Borders: About 3.5 miles west of Hawick, on minor road north of B711, just north of the Harden Burn.
Private NT 449149 OS: 79 TD9 7LP
Harden, a rambling house of two-storeys with whitewashed walls, incorporates a rectangular 16th-century tower house of three storeys, which is said to have replaced an earlier tower demolished in
1590. The tower was extended and altered between 1680-90, and again in the 19th century. The walls are harled and whitewashed.
The basement is not vaulted.
The site is marked on Blaeu’s map of Teviotdale as ‘Hardenn’.

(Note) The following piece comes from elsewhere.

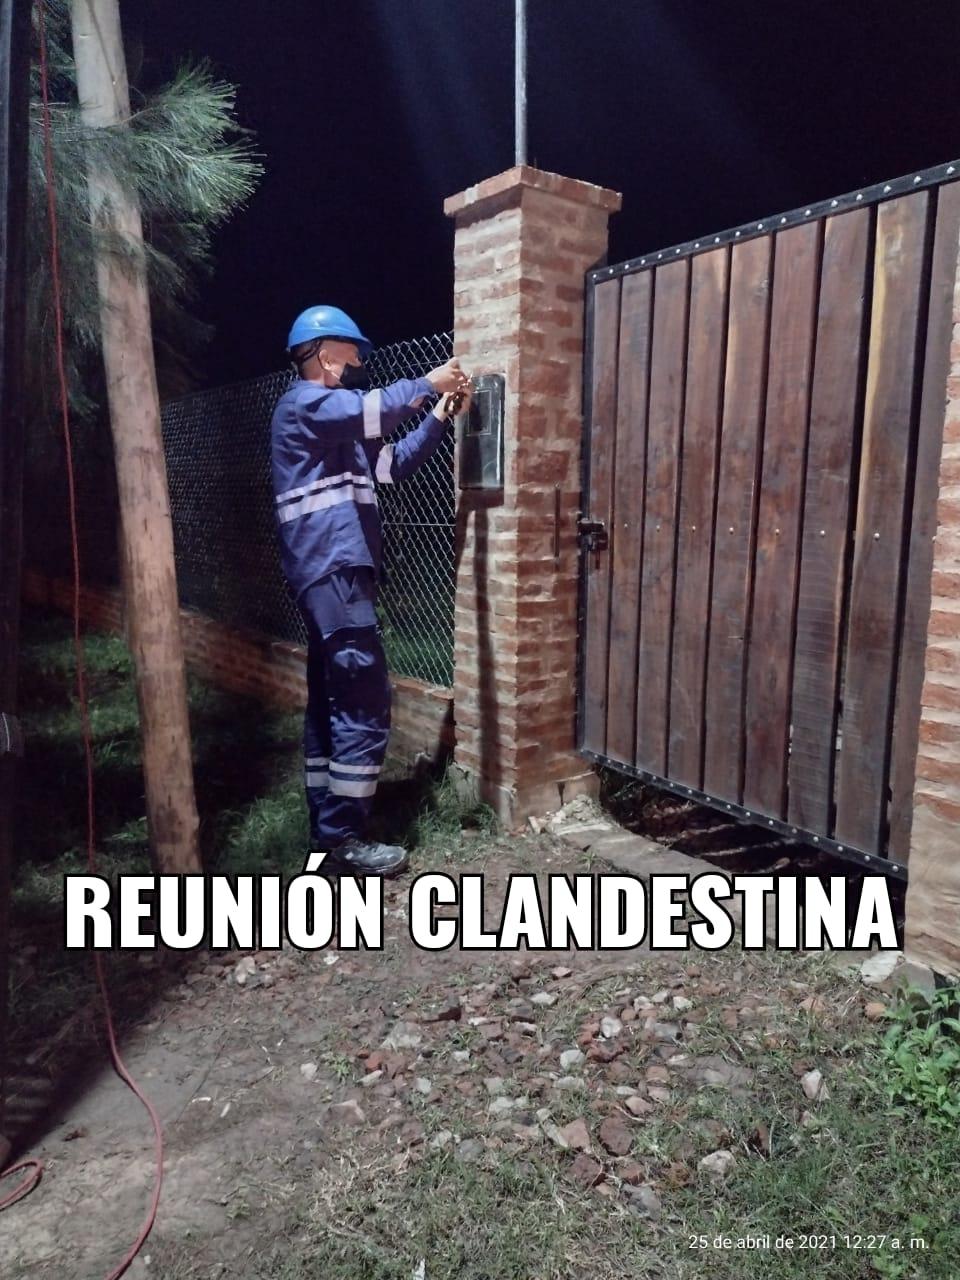 SAN BERNARDO: OPERATIVO POLICIAL DESARTICULA REUNIÓN  CLANDESTINA

Harden was a property of the Homes, but sold to the Scotts in 1501. One of the family was Auld Wat of Harden, a Border reiver, who married Marion or Mary Scott, the ‘Flower of Yarrow’, the
bloody events surrounding her recorded in the ballad ‘The Dowie Holms (or Dens) o' Yarrow’ (also see Dryhope). In 1592 James VI ordered that Harden
was to be destroyed after the Scotts were accused of dastardly deeds against the king at Falkland Palace.
The family moved to Mertoun in the 18th century, and the house was used as a farmhouse. In the mid 19th century it was restored and
reoccupied, and is now the seat of the Hepburne Scott Lords Polwarth.